What this task involves: Exact transcription of the data below is required, without the images.

Data extract:

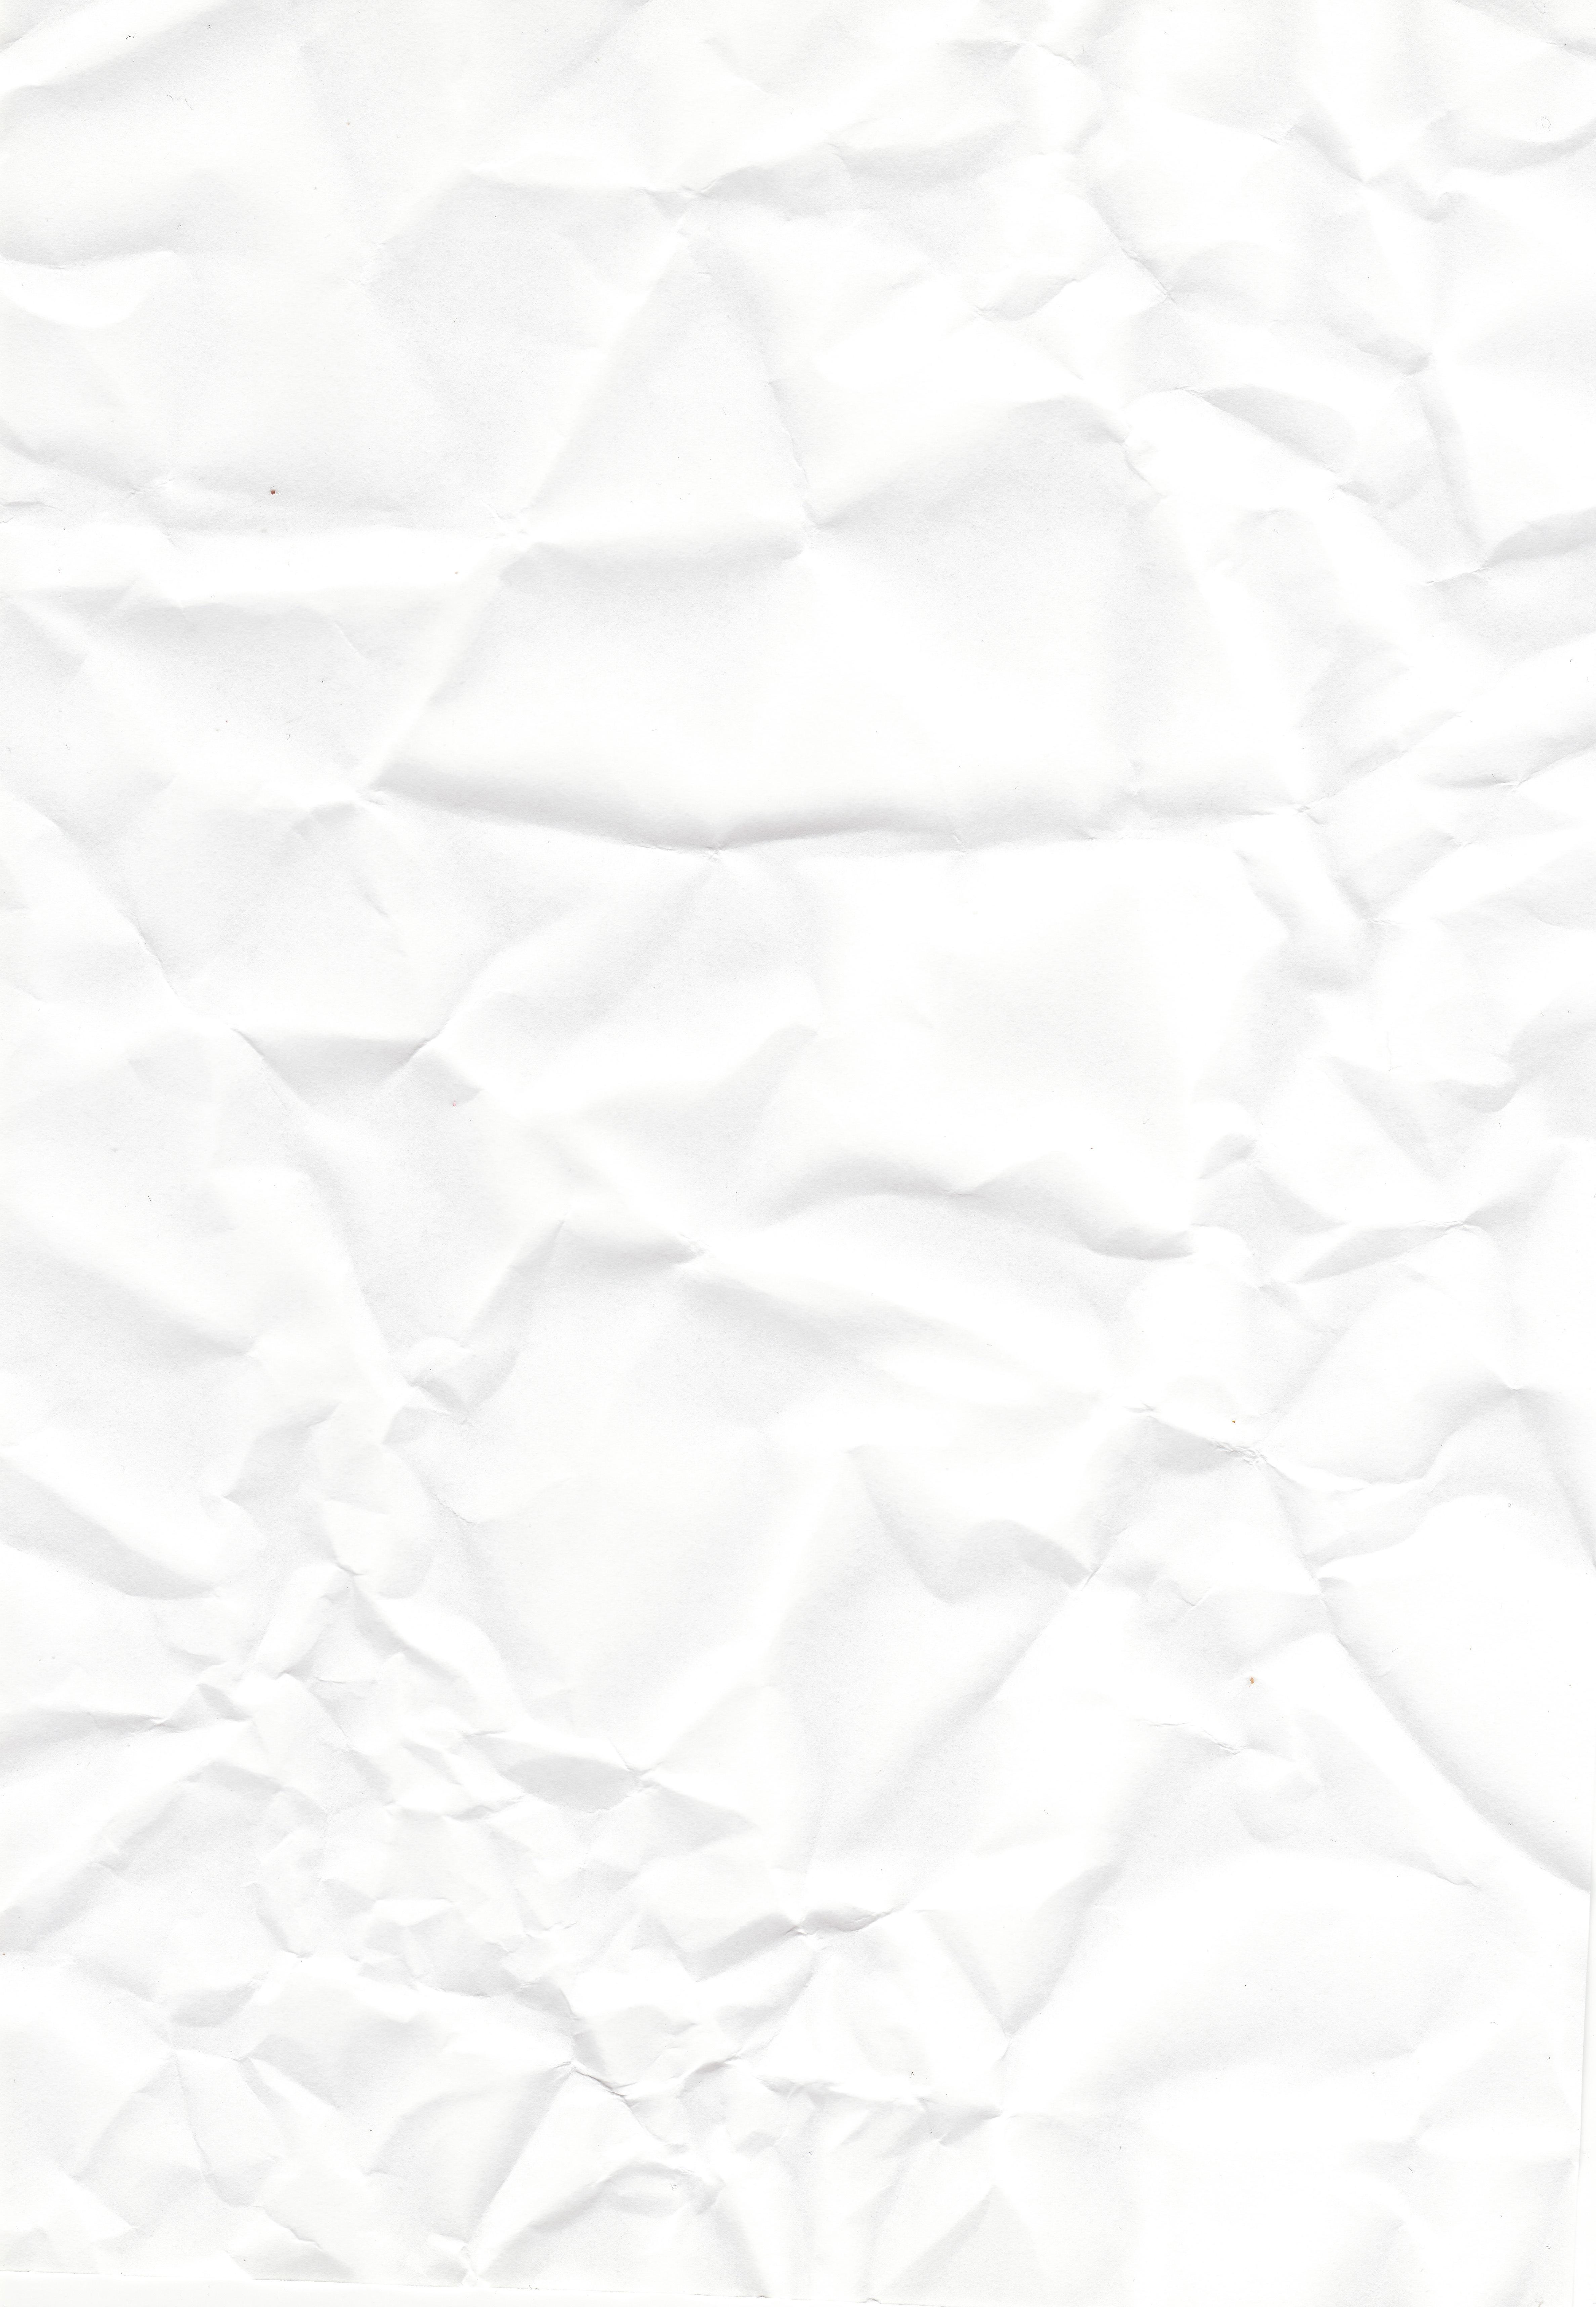 Fotos Gratis Blanco Textura Patr 243 N Mueble Vestido De
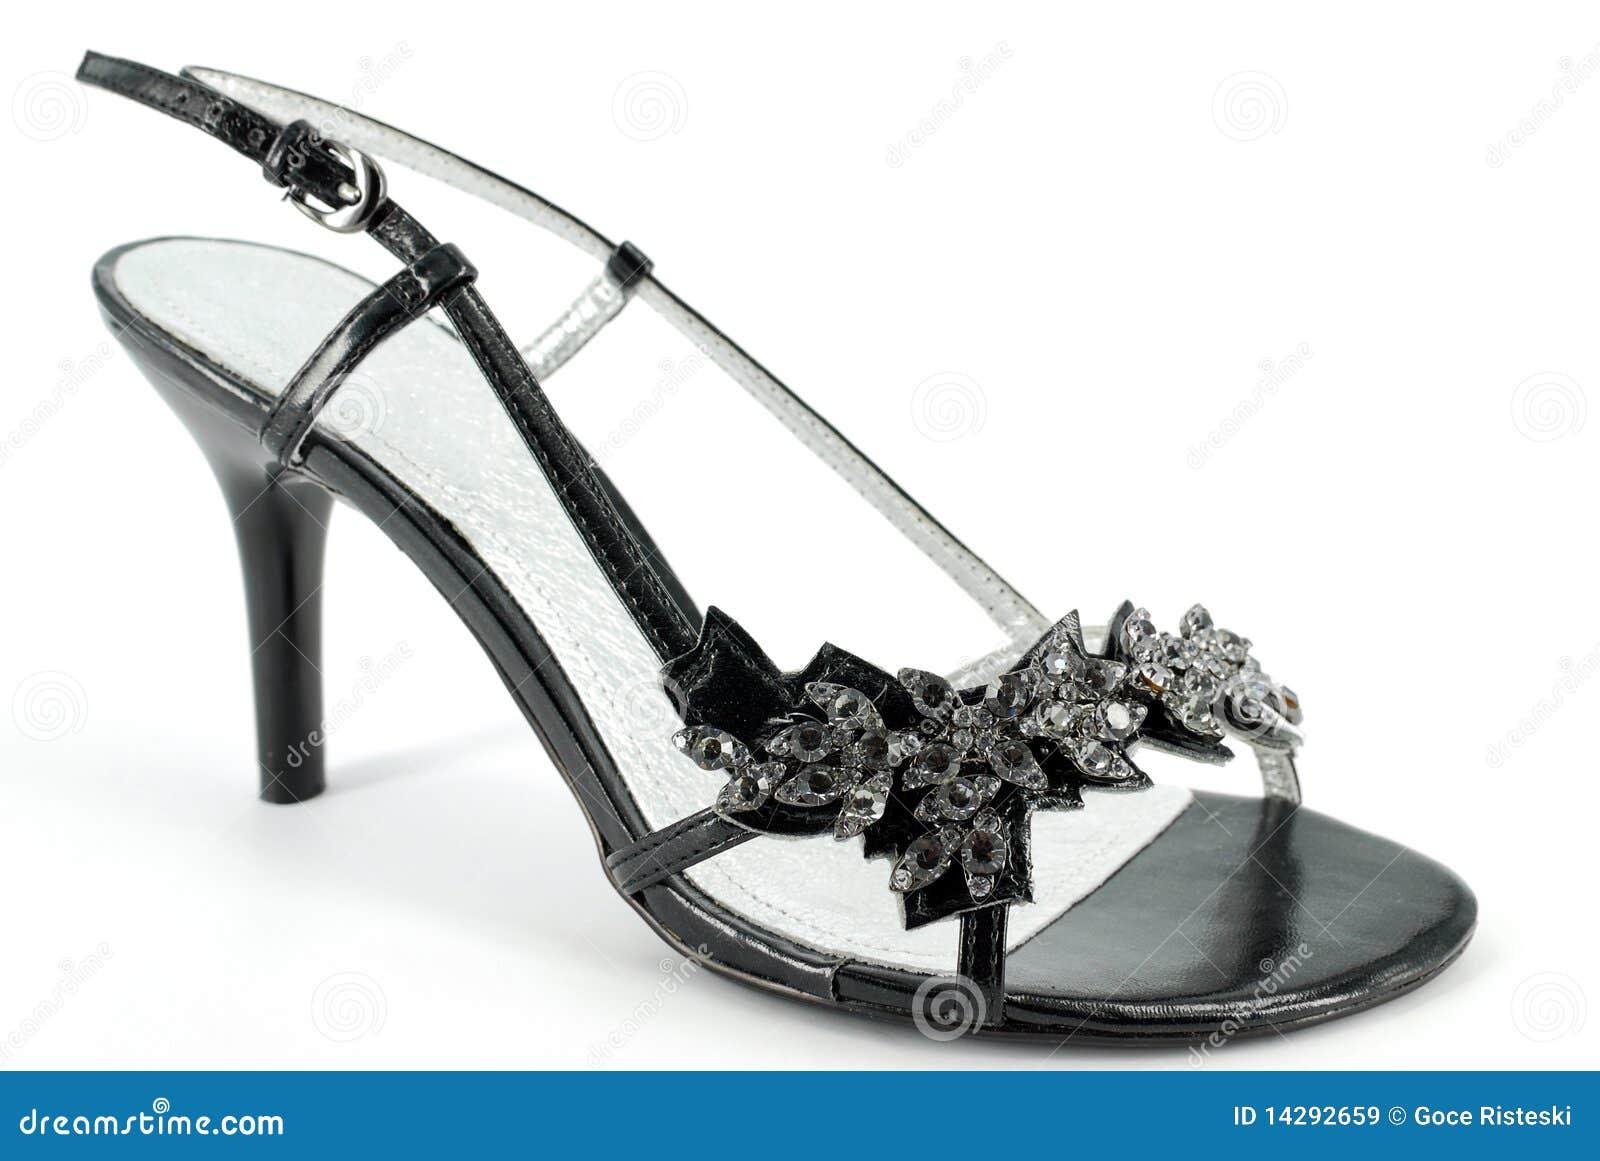 chaussure noire de haut talon de femme image stock image du su de pied 14292659. Black Bedroom Furniture Sets. Home Design Ideas
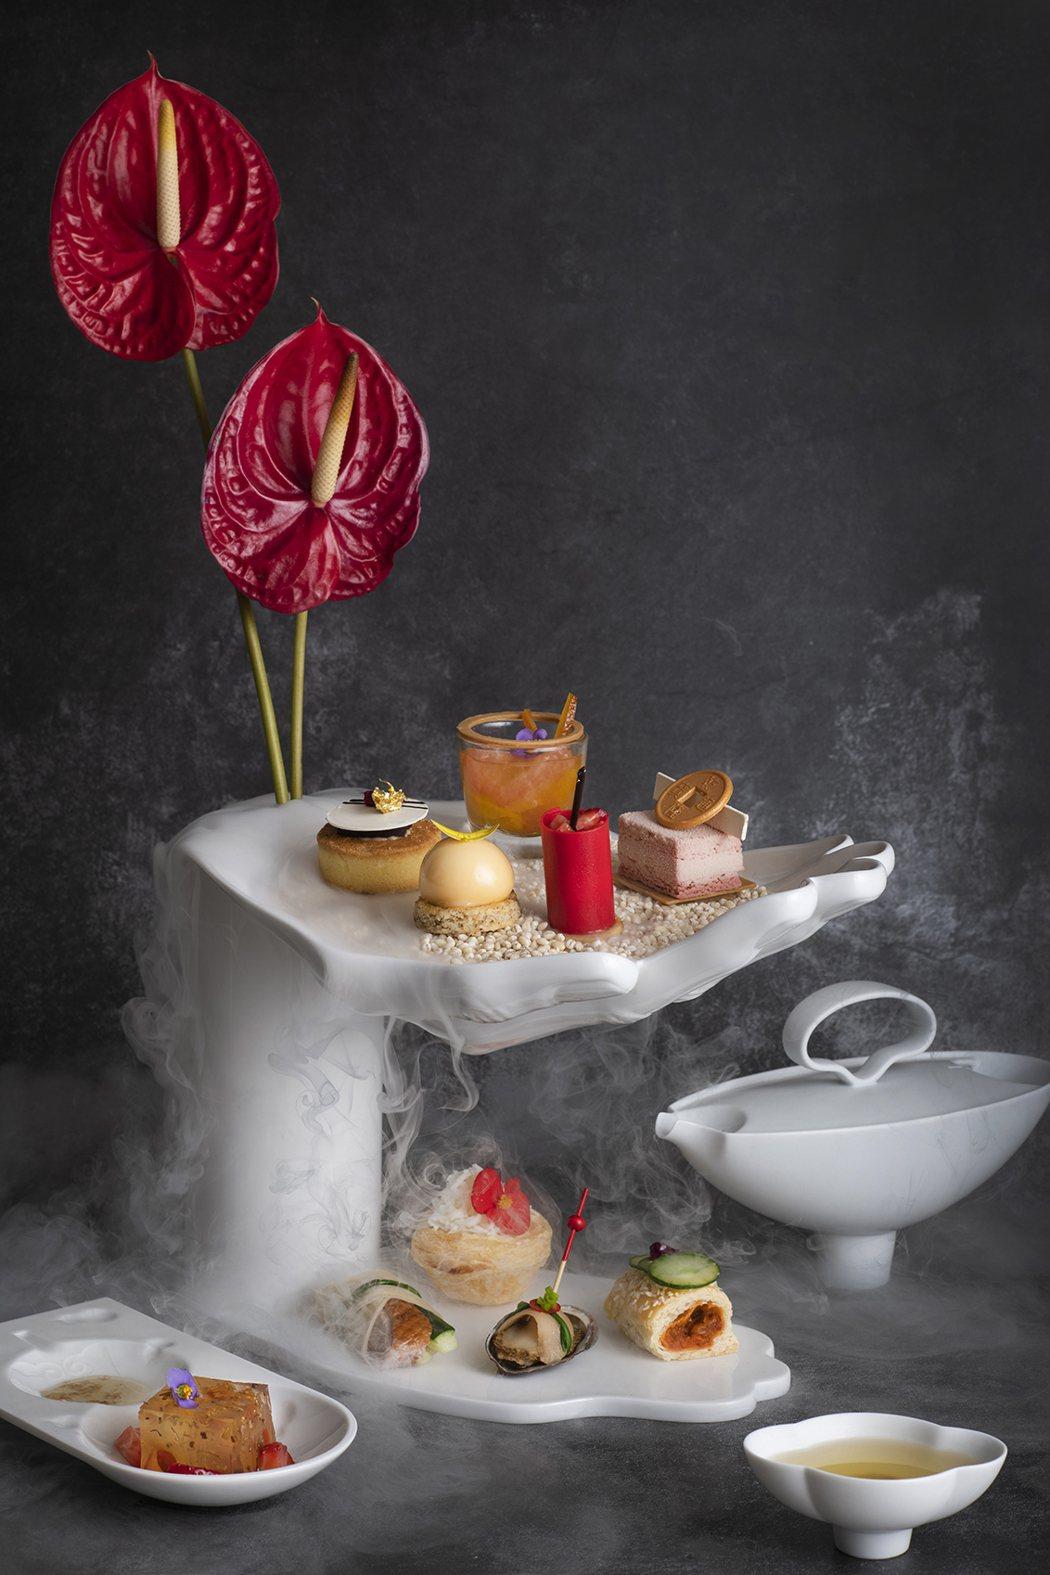 香格里拉台北遠東國際大飯店首度攜手八方新氣於大廳茶軒推出期間限定新氣下午茶。...

Reply to the task:
 Fotos Gratis Blanco Textura Patr 243 N Mueble Vestido De
 chaussure noire de haut talon de femme image stock image du su de pied 14292659. Black Bedroom Furniture Sets. Home Design Ideas
 香格里拉台北遠東國際大飯店首度攜手八方新氣於大廳茶軒推出期間限定新氣下午茶。...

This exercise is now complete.